▶ **Exercise**
Text in the records must be reproduced exactly, and pictures must be skipped.

____

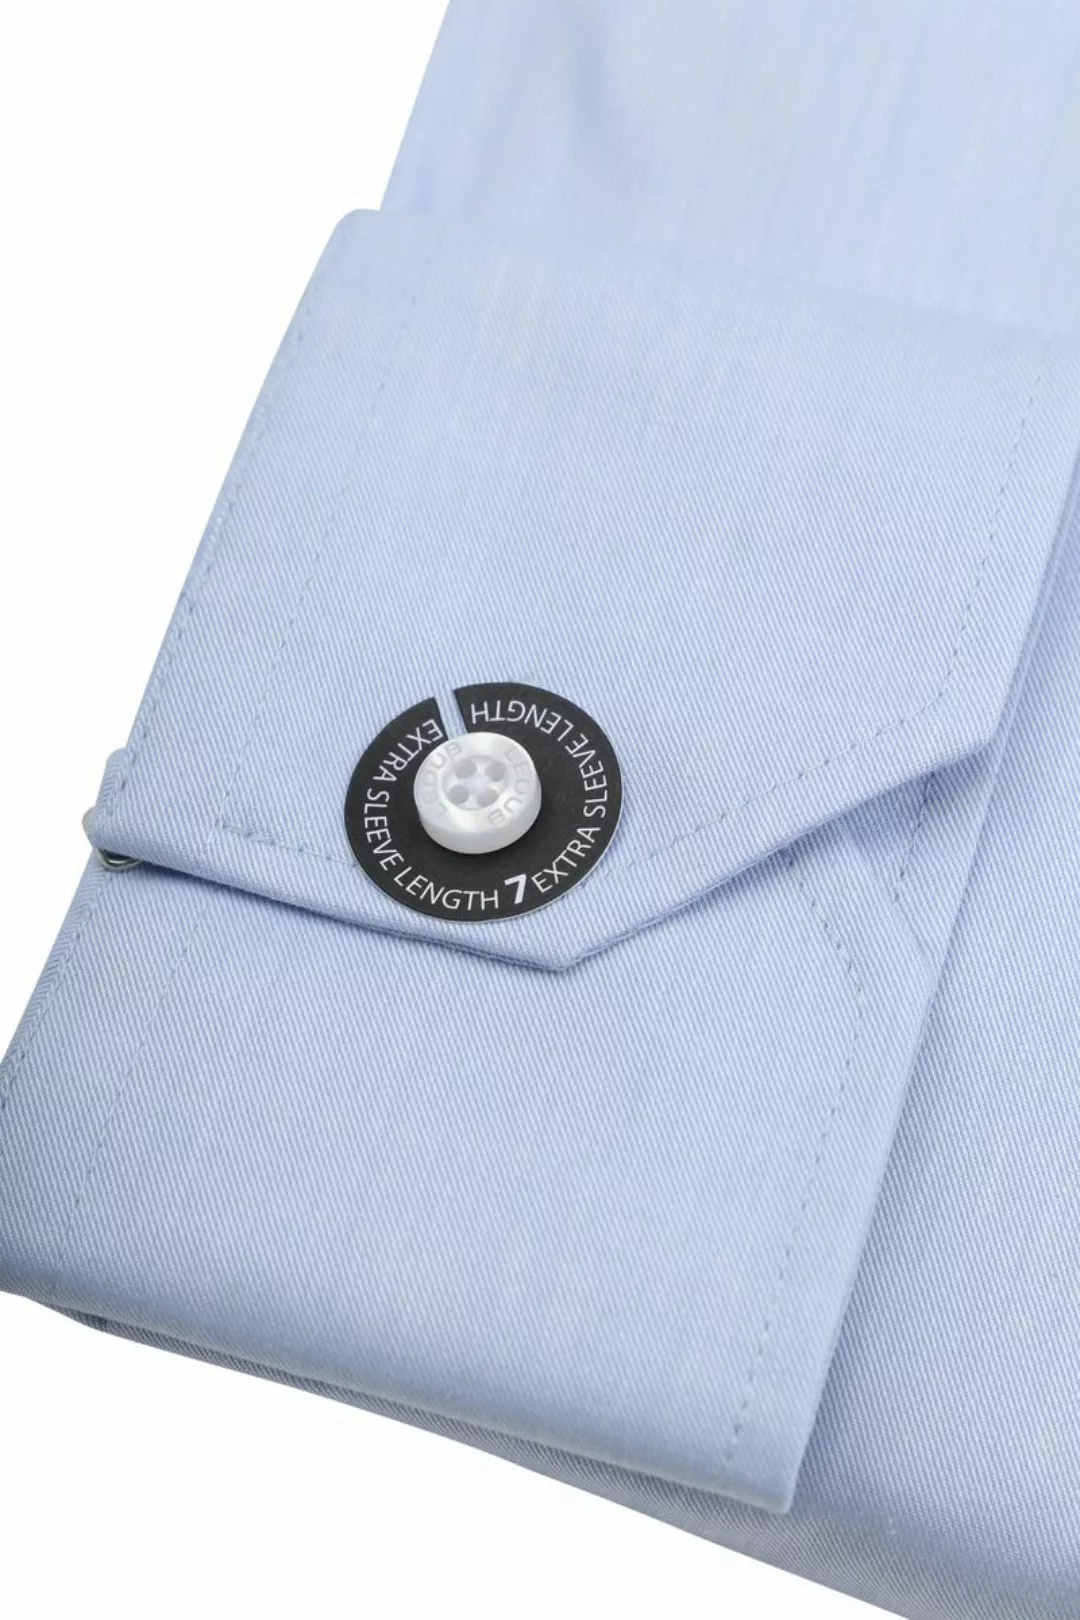 Ledub Hemd Hellblau Brusttassche Extra Long Sleeves - Größe 40 günstig online kaufen
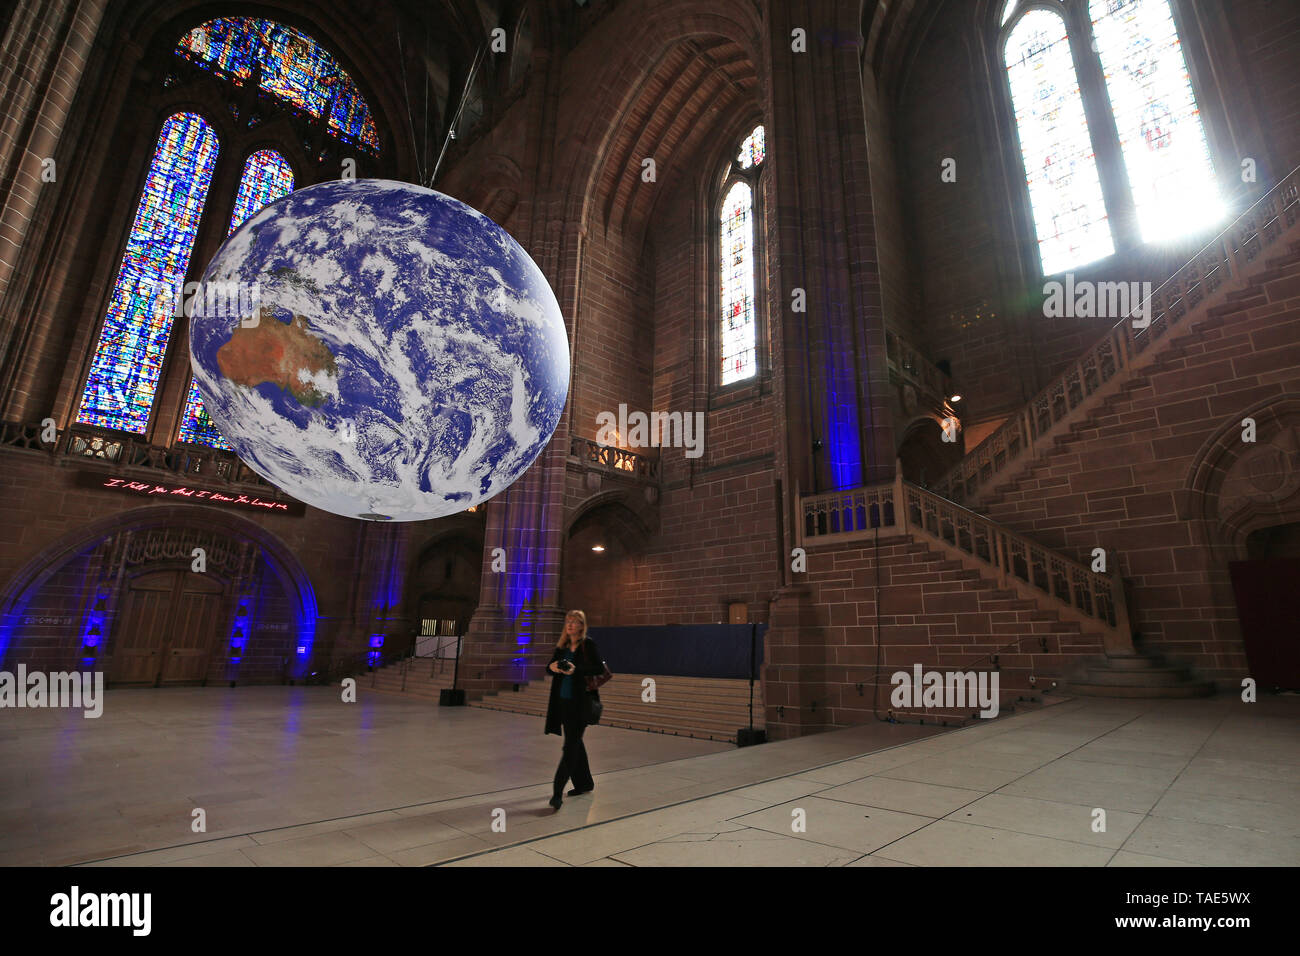 Gaia, ein 23 ft Replik des Planeten Erde hängt, auf der Kathedrale von Liverpool vor der Stadt River Festival. Die große Installation, erstellt von der britische Künstler Luke Jerram, verfügt über genaue und detaillierte Bilder von der NASA und ist auf dem Display zum ersten Mal irgendwo in der Welt. Stockfoto
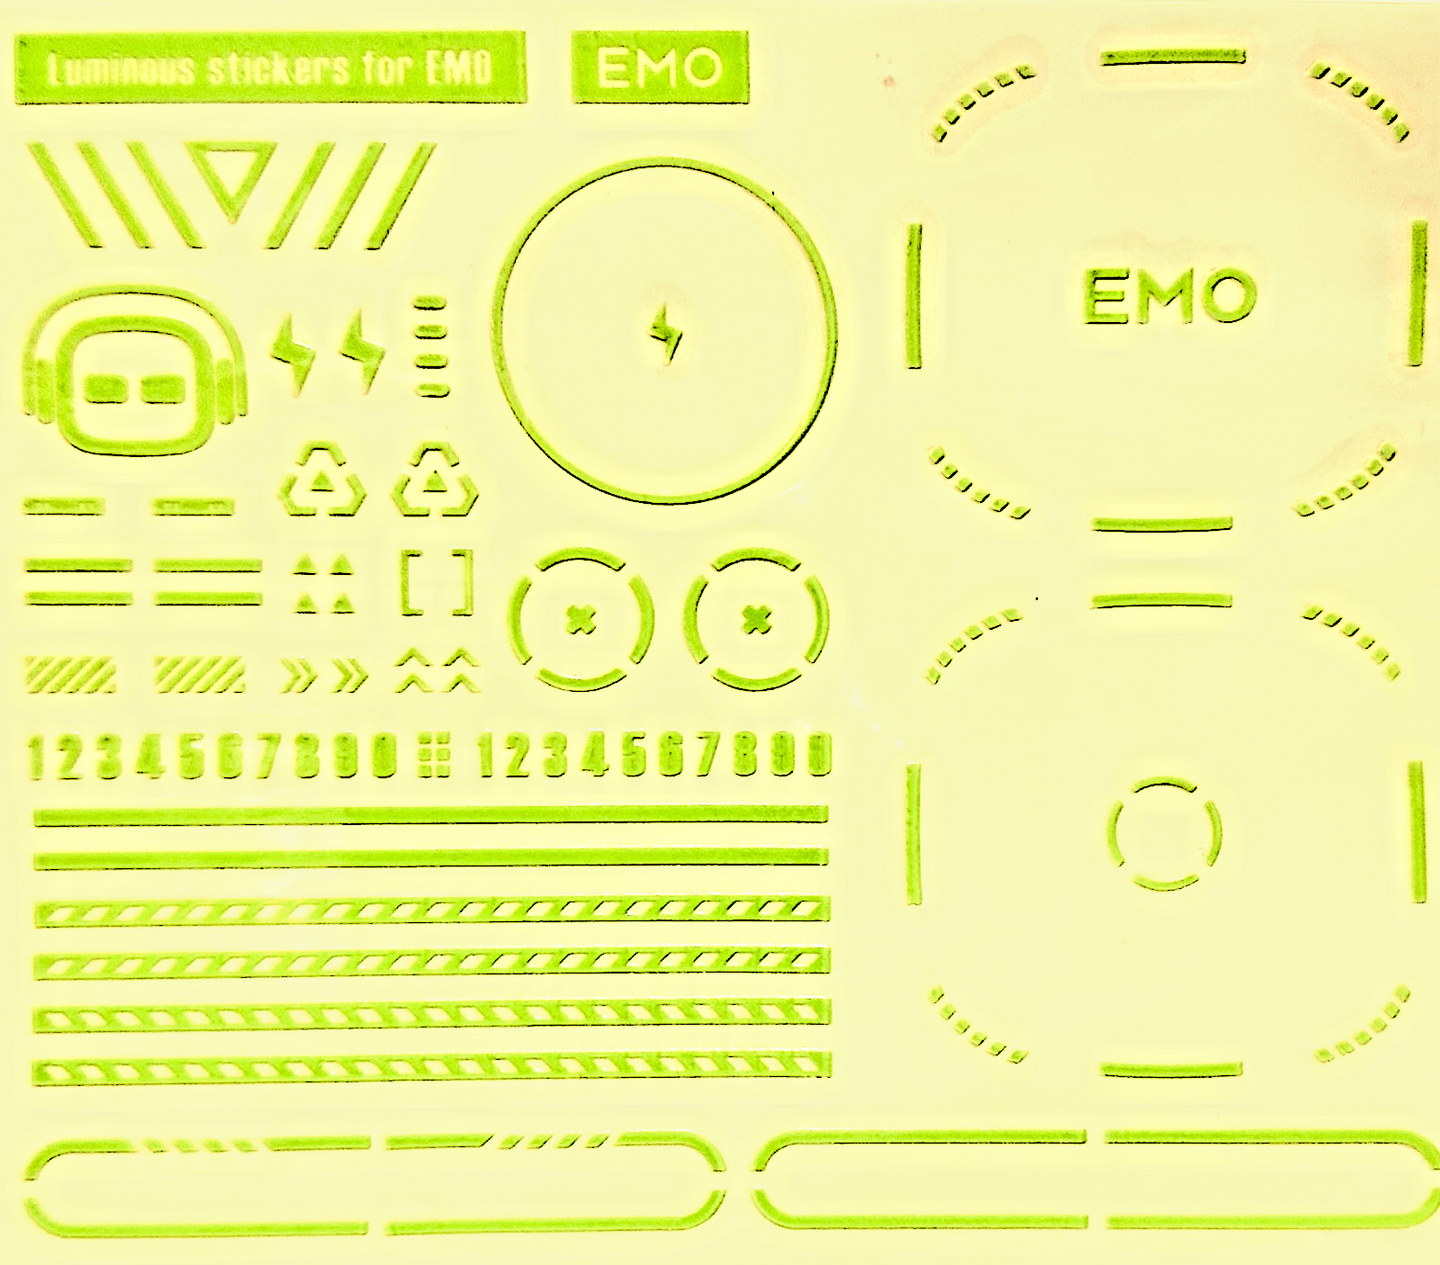 EMO Desktop robot pet toy glowing STICKERs - Chys Thijarah
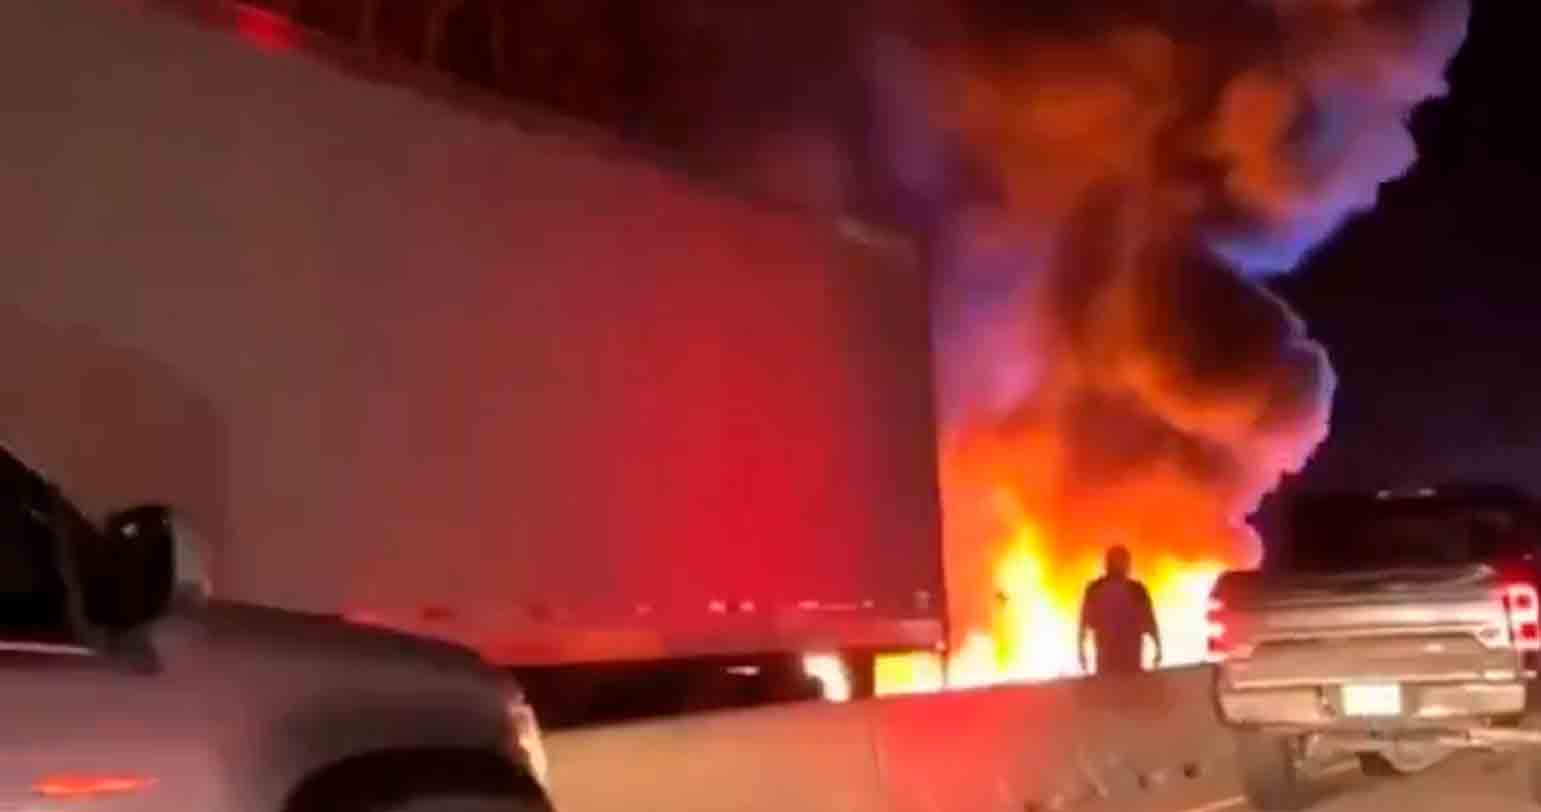 Videó: Repülőgép lezuhan és felrobban észak-karolinai autópályán, 2-en súlyos sérülésekkel megmenekülnek. Videó és fotók: Twitter reprodukció @tworldreviews / @vanhoa2272
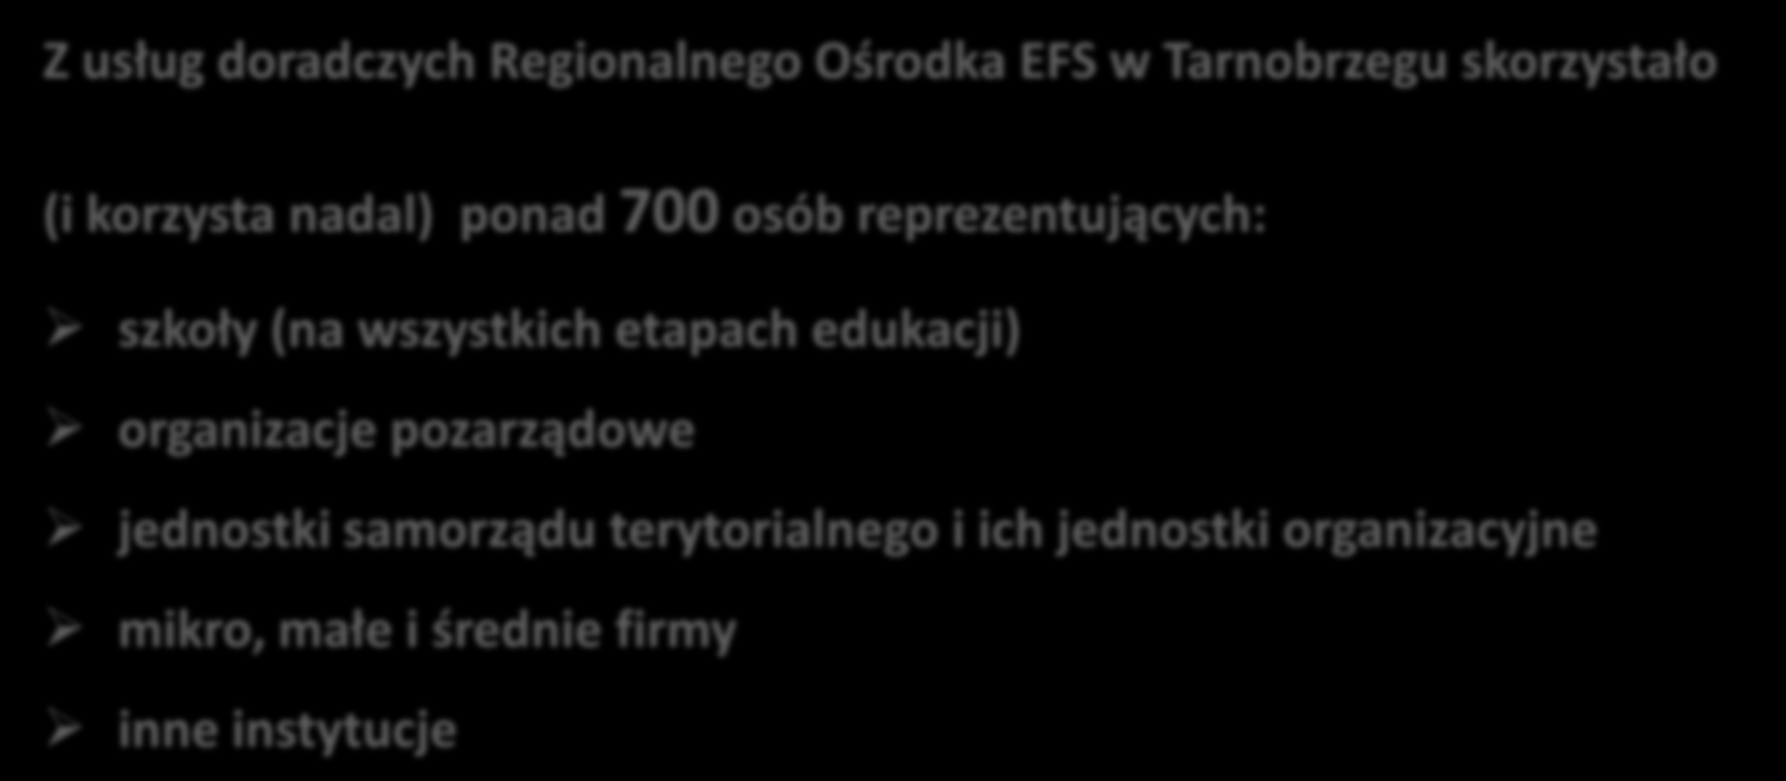 Doradztwo w ROEFS lata 2009-2014 Z usług doradczych Regionalnego Ośrodka EFS w Tarnobrzegu skorzystało (i korzysta nadal) ponad 700 osób reprezentujących: szkoły

____

▶ **Answer below**
 Ledub Hemd Hellblau Brusttassche Extra Long Sleeves - Größe 40 günstig online kaufen
 Gaia, ein 23 ft Replik des Planeten Erde hängt, auf der Kathedrale von Liverpool vor der Stadt River Festival. Die große Installation, erstellt von der britische Künstler Luke Jerram, verfügt über genaue und detaillierte Bilder von der NASA und ist auf dem Display zum ersten Mal irgendwo in der Welt. Stockfoto
 EMO Desktop robot pet toy glowing STICKERs - Chys Thijarah
 Videó: Repülőgép lezuhan és felrobban észak-karolinai autópályán, 2-en súlyos sérülésekkel megmenekülnek. Videó és fotók: Twitter reprodukció @tworldreviews / @vanhoa2272
 Doradztwo w ROEFS lata 2009-2014 Z usług doradczych Regionalnego Ośrodka EFS w Tarnobrzegu skorzystało (i korzysta nadal) ponad 700 osób reprezentujących: szkoły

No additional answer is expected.